I’m not sure how to write my way out of the end of this post, and I guess that’s where the TBD comes in. The poems will still be there hidden in my body, I will still be capable of creation regardless of which body parts I may or may not possess after surgery, and while something will be lost, I am expectant that out of that loss, something else will be born, some new metaphor for creation that I’ll only be able to hold onto if I’m capable of letting go.
A return to normal?
Twenty-three days still to go till I have my uterine surgery and I’m beyond ready for it be April. I’m ready to have my wound be healed up, I’m ready to not look pregnant any more, I’m ready to be exercising again and working toward my weight loss goals, I’m ready to not be worrying about where I sit for 10 days of every month and having to cancel engagements at the last minute cause I’m woozy from menorraghia, and I’m definitely ready to buy new sheets and have my only worry be that they’ll become ink-stained because I insist on writing long-hand in bed. I’m also ready to have my brain back. Currently it’s abuzz not only with my usual to-do lists for work, but also “write down French Press instructions for Mom” and “schedule someone to help with laundry and making the bed” and “make an e-mail blast list for people who’ll want to know how surgery went.” I’m also ready to be rid of the low-grade anxiety that starts my heart racing at the oddest of times, like when I’m trying to enjoy an episode of Bones and one of the characters whips out a scalpel.
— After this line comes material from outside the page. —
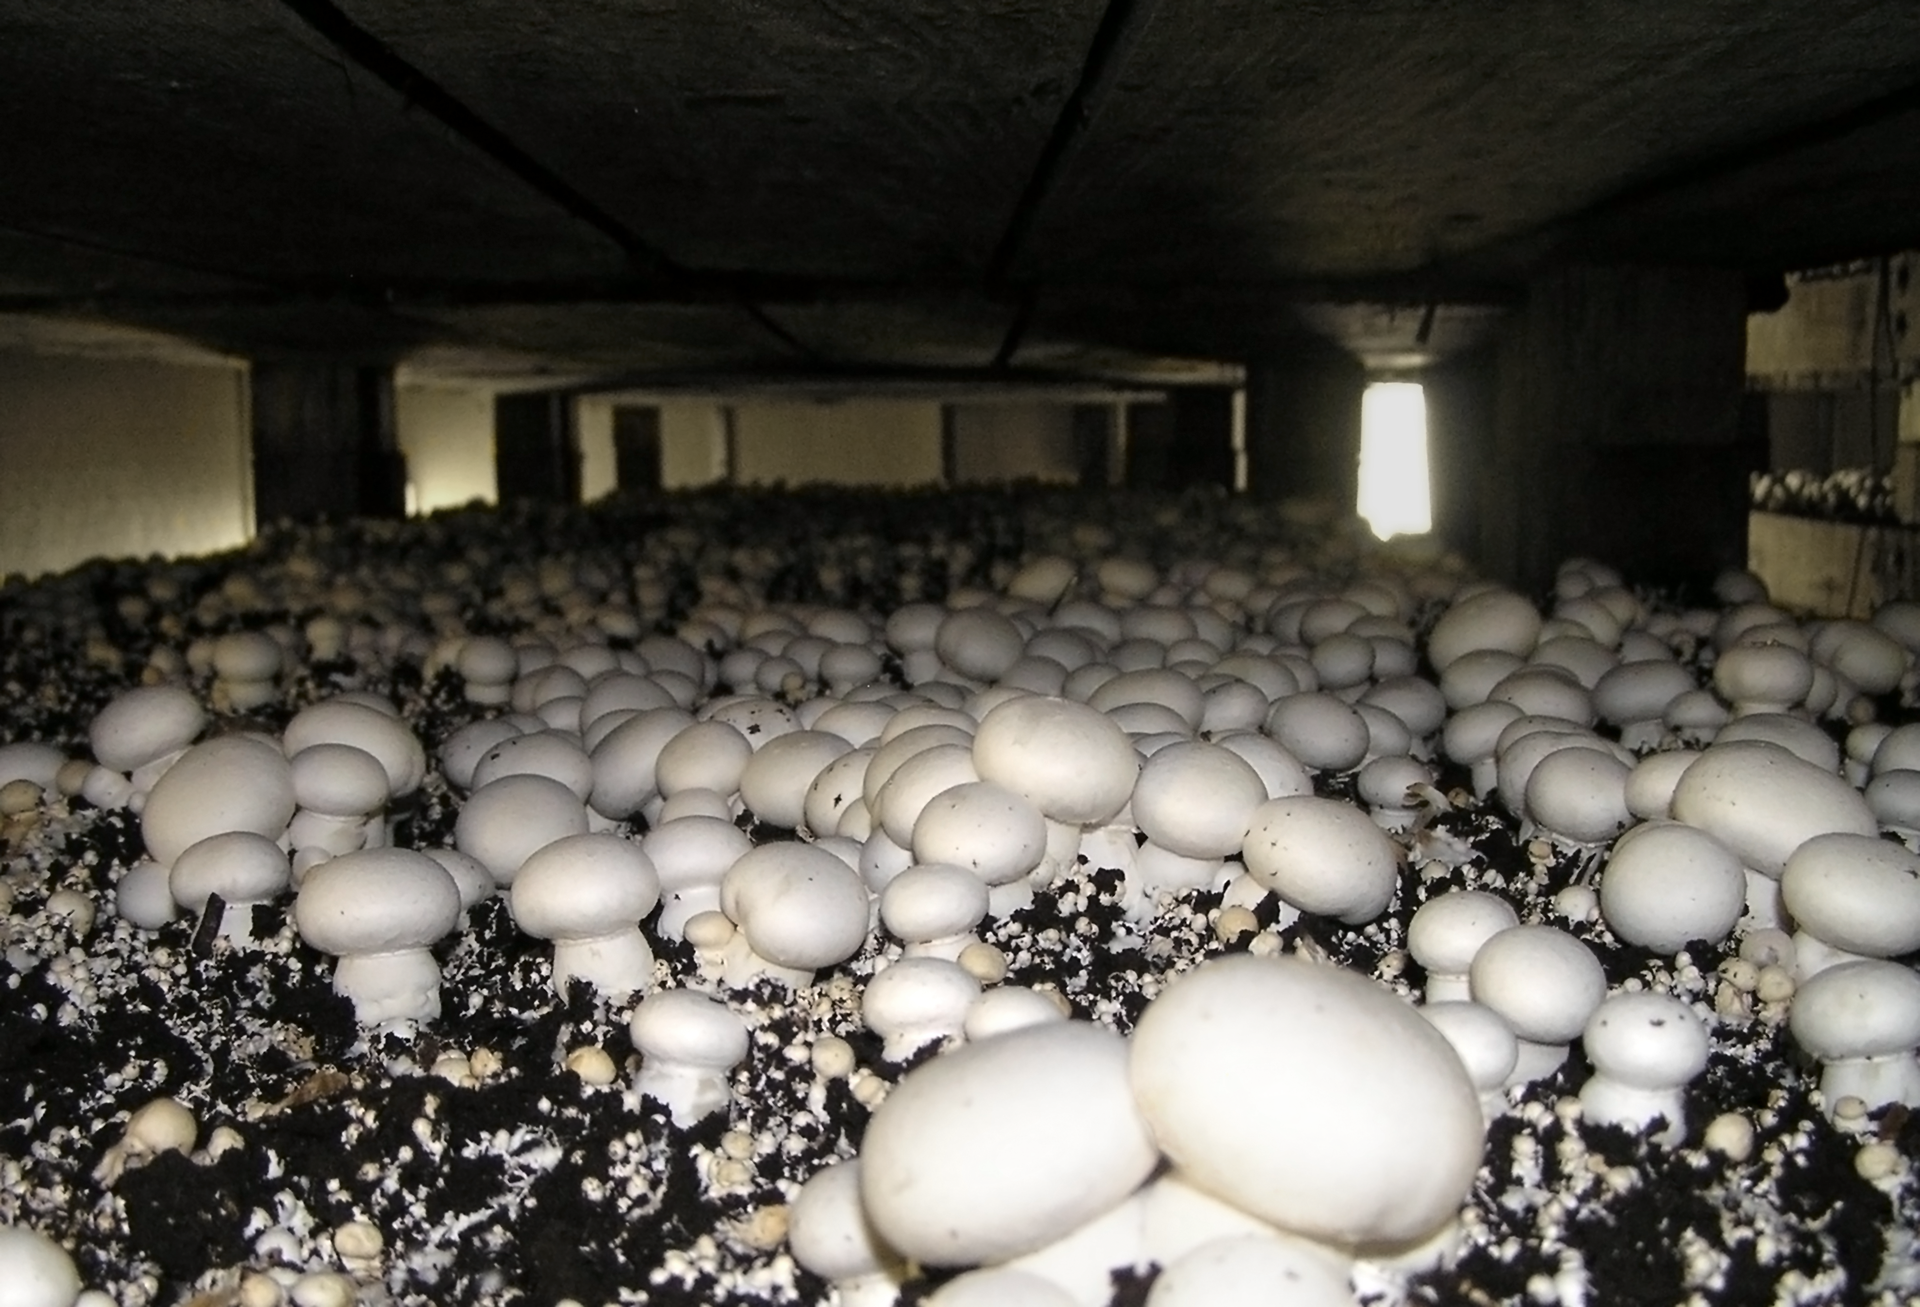 Fotografia przedstawia wnętrze pieczarkarni, czyli pomieszczenia, w którym hoduje się pieczarki. Białe grzybki różnej wielkości wyrastają z czarnego podłoża. W pomieszczeniu jest niewiele światła, wpadającego głównie przez drzwi z tyłu.

In other words, I’m ready for life to return to normal. I keep cautioning myself, however, that I won’t actually feel normal, or more precisely, that, for me, normal doesn’t mean asymptomatic. I’ll have lighter periods if all goes well (and maybe no periods at all if the only option once I’m on the table is a hysterectomy), I’ll be slimmer, and I won’t be chronically exhausted. But I’ll still have trouble breathing on warm moist days, I’ll still occasionally have trouble not breathing heavily while walking uphill no matter how diligently I’m working out, and I’ll still occasionally get dizzy on those days when both my allergies and my asthma are conspiring a to keep my intake of oxygen to a minimum.
I wish I could say I am ready to just accept my battered body the way is, but I’m still struggling with that one. Even before the fibroids became an issue, I found myself frustrated and angry whenever I had an asthma attack. Sure I knew I was incredibly blessed to still even be breathing and above-ground. Sure I knew that an exacerbation of my lung issues were par for the course during pollen-heavy or humid times of the year. But still, I’d convince myself, on the long stretches of days that I felt great that I was finally well. That the next time I went back to the doctor, she was going to tell me to ditch my inhalers and stop taking the laundry list of medications that is usually way too long to fit on the “what medications do you take” part of any medical intake form.
I wish I could tell you that after the surgery, I’m going to return to living with grace. And maybe some days—hopefully most of them—I will. And as for the other ones, I’ll just keep limping through them till grace kicks in again… as it always does.